Нет ни единого шанса, что окутанная ложью моей песни команда проснется.
Королева прижимает перепончатый палец к груди, на которой мерцает ракушка, поющая моим голосом. Когда глаза мои подергиваются дымкой, мать изгибает губы в улыбке.
— Всего лишь подарок на память, — говорит она. — Я его верну, если справишься.
Я отчаянно моргаю, пытаясь не показать своей тоски.
— Ты пришла поиздеваться надо мной? — спрашиваю.
— Вовсе нет. Я пришла посмотреть, как поживает могучая Погибель Принцев. — Королева вытягивает шею. — Где-то в этих уродливых лохмотьях спрятано сердце принца?
Я не удивлена, что она решила проверить, придерживаюсь ли я ее плана. Подхлестнуть, подтолкнуть в нужном направлении, чтоб я, как корабль Элиана, шла верным курсом, даже когда капитан спит.
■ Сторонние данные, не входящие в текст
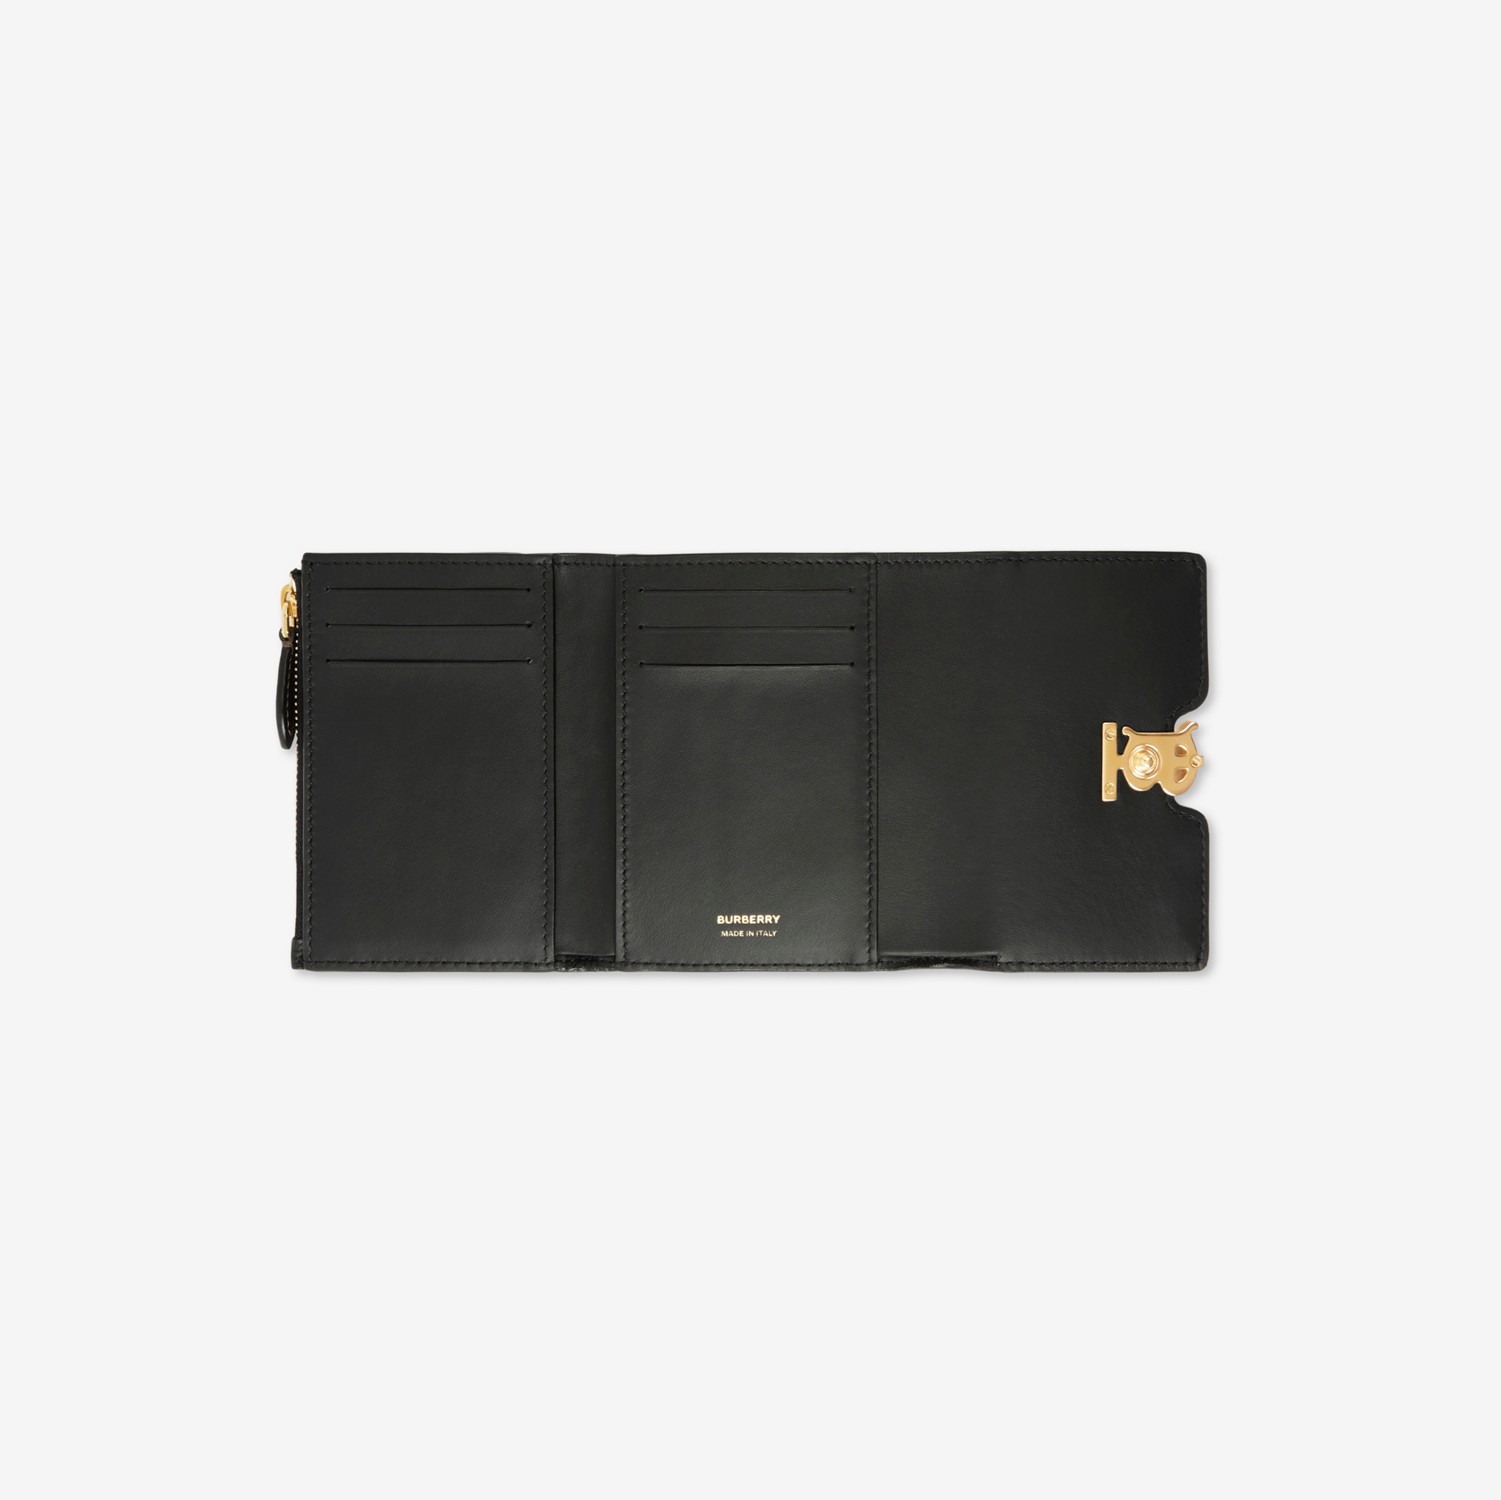 TB Compact Wallet

Я — корабль моей матери. Или так она думает.
— Все не так просто, — говорю я.
— О, Лира. — Она снимает с трезубца нить водорослей. — Королевы не ищут оправданий. Полагаю, это лишний раз доказывает, что тебе таковой никогда не стать.
— Я достойна стать королевой. Я достаточно сильна, чтобы возглавить наш народ.
— Ты слаба, — упрекает мать. — Всегда была слабой. Только взгляни на себя сейчас: замотана в человеческие тряпки, охвачена человеческими эмоциями. Знаешь, что я вижу в твоих глазах, Лира? Не смерть, не тьму и даже не ярость. Я вижу в них слезы.
Я сглатываю:
— Понятия не имею, о чем ты.
— О твоем лице. О твоем человеческом горе.
Я хочу возразить, однако и сама знаю, что в глазах моих поселилась печаль. Сиреной я испытывала гнев, но никогда не горевала. По крайней мере, не с тех пор, как вырвала сердце Крестелл, чувствуя на плече тяжелую ладонь матери. Но от звуков собственной песни, захватывающей корабль Элиана, и осознания, что даже сейчас я остаюсь безвольным оружием в руках королевы, меня словно пронзает гарпуном. И равнодушие в ее взгляде так отличается от беспокойства, с которым я осматривала раны Кальи. Или от чувств Кая, когда на Элиана набросилась Мейв. Или даже от эмоций на лице принца, когда он вытащил меня из океана, где моя мать бросила меня тонуть. Почему же она называет слабостью то, что делает людей сильнее, связывая в единое целое? Семью.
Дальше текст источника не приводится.